New Rules For Sending Texts, E-Cards And Social Media Messages Instead Of Christmas Cards
If you prefer to send Christmas cheer electronically, here are some guidelines.
By Pacey on December 21, 2017
It seems like sending Christmas cards to family and friend near and far is becoming a thing of the past. Every year I send…and receive fewer cards than the year before.
If you’re one of those who doesn’t want to spend the time or the money on cards, but still wants to send Christmas cheer, Moneyish has put together some guidelines:
- E-cards – Try sites like American Greetings, Jacquie Lawson (both of which charge a small membership fee) or 123 Greetings (free of charge). Keep your comments short and simple. Some people tend to get too long-winded when trying to get clever and creative. A simple “Looking forward to great things in 2018” is just fine. Just remember, that quite often e-cards go straight into junk folder, never to be seen.

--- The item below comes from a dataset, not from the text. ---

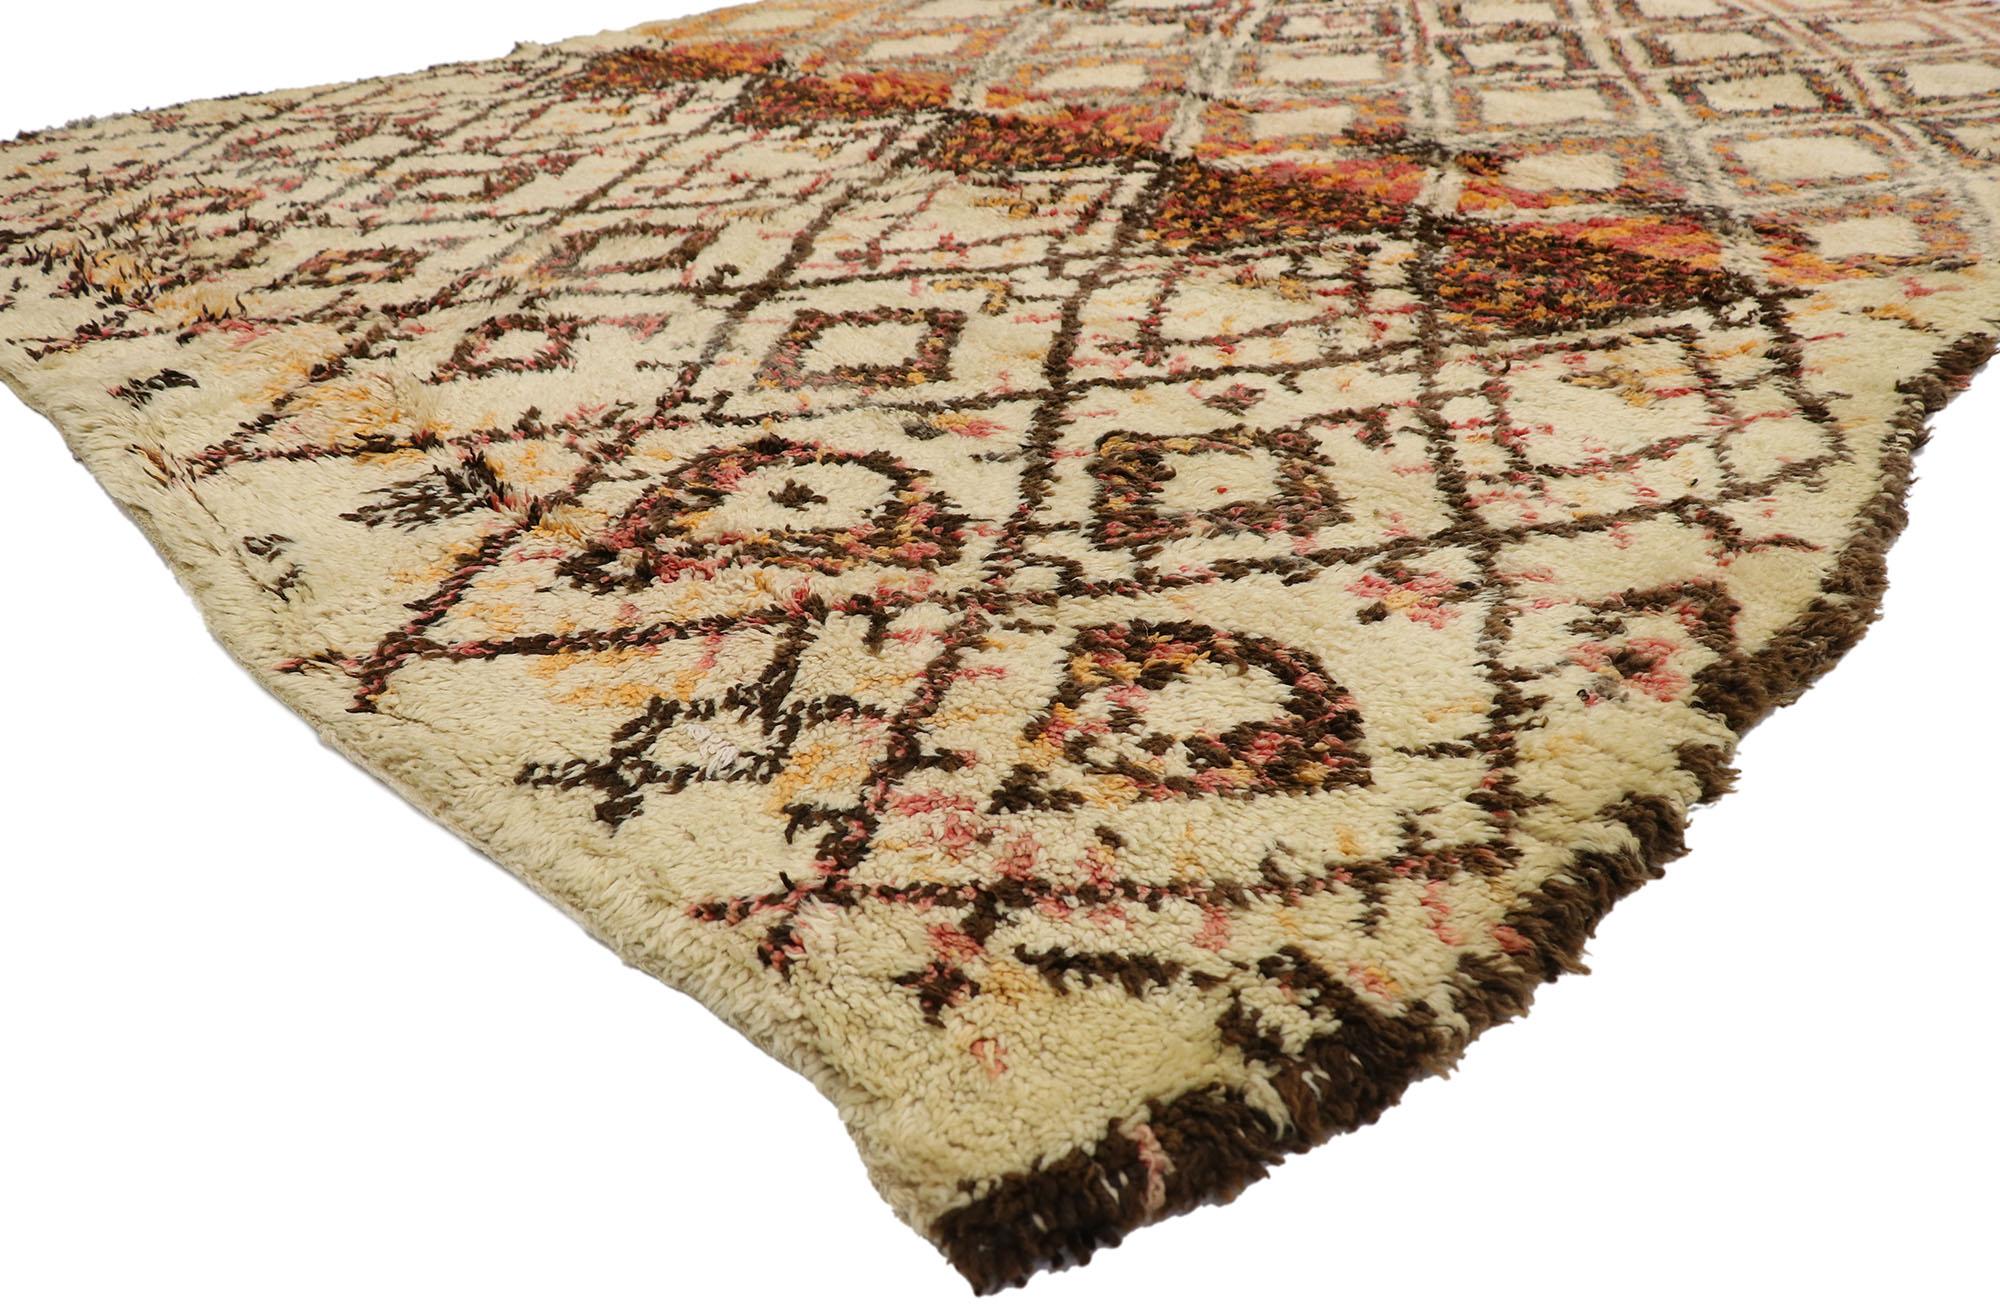 21353, vintage Berber Beni Ourain Moroccan rug with Tribal style. With its simplicity, plush pile and tribal style, this hand knotted wool vintage Berber Beni Ourain Moroccan rug is a captivating vision of woven beauty. It features a diamond lattice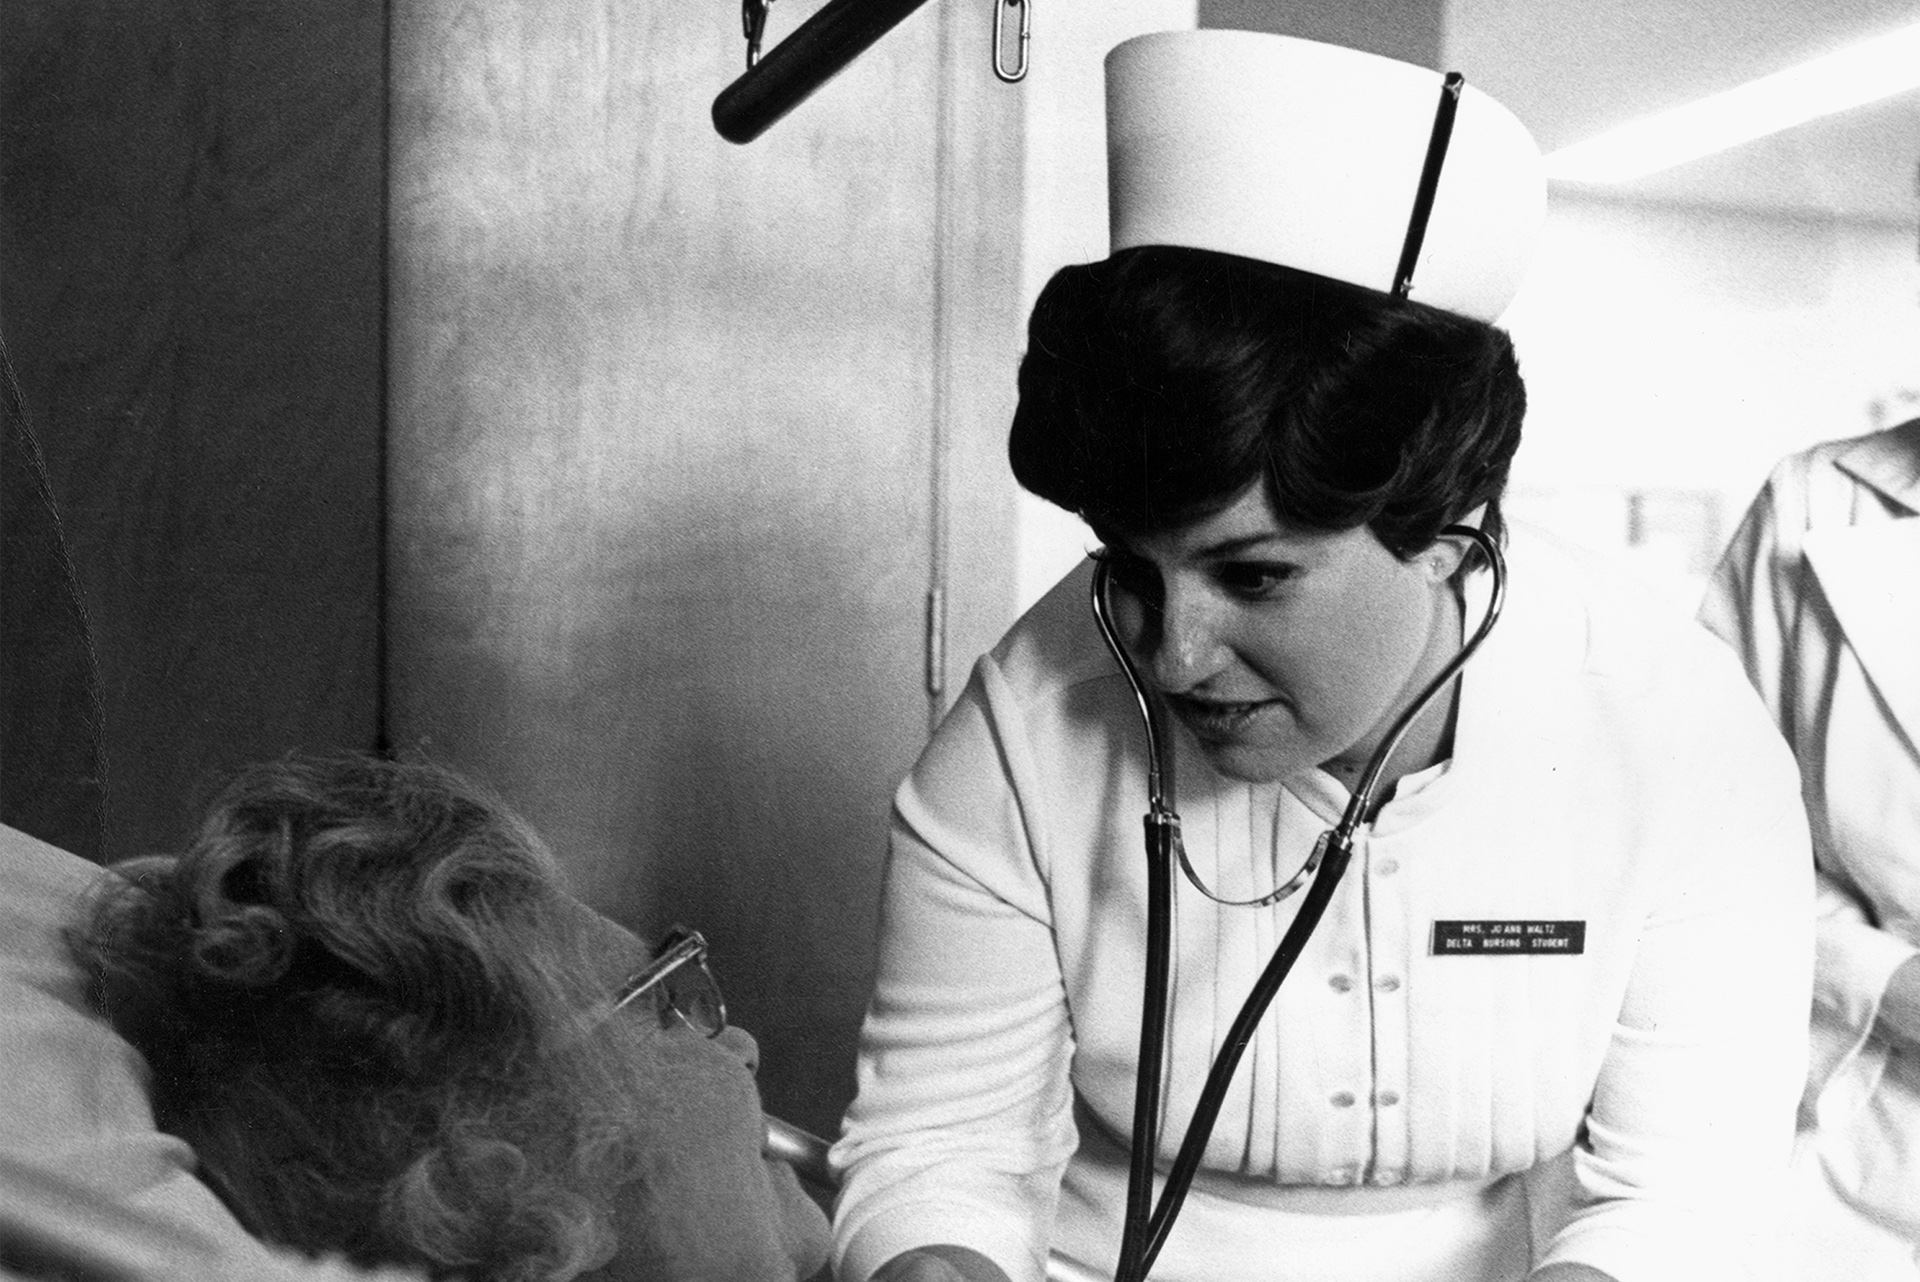 Nursing student in the 1960s

- Email – When sending an email, try to keep it personal by sending it to just one person, and not to a group. You can get a little more creative and a little longer since you’re not relying on the colorful graphics of the e-card, but still keep is simple. You should have at least two lines – the first acknowledging your relationship to the recipient such as “I want to make sure to take a moment to thank you for all the great work that you’ve done with me this year. Looking forward to even greater things in 2018. Wishing you a Merry Christmas.”
- Texts – Only send holiday wishes to people whom you know well. Keep it to three of four lines, and maybe include a pic of your family. “Mass texting” is a total put-off and should be avoided.
- Social Media – Posting a generic holiday message to all of your friends/followers on Instagram or Facebook should be in-addition-to, not as a replacement for individual, customized greetings. Include a fun holiday greeting and picture showing off you family, pets and/or tree. It’s a nice pleasantry, but shouldn’t be relied on as your only way of wishing your close friends and family well.
On a side-note. If you’re thinking of using the likes of Snapchat to send cute little holiday snaps to your friends, don’t…unless you’re 15-years-old. It’s not really a grown-up thing.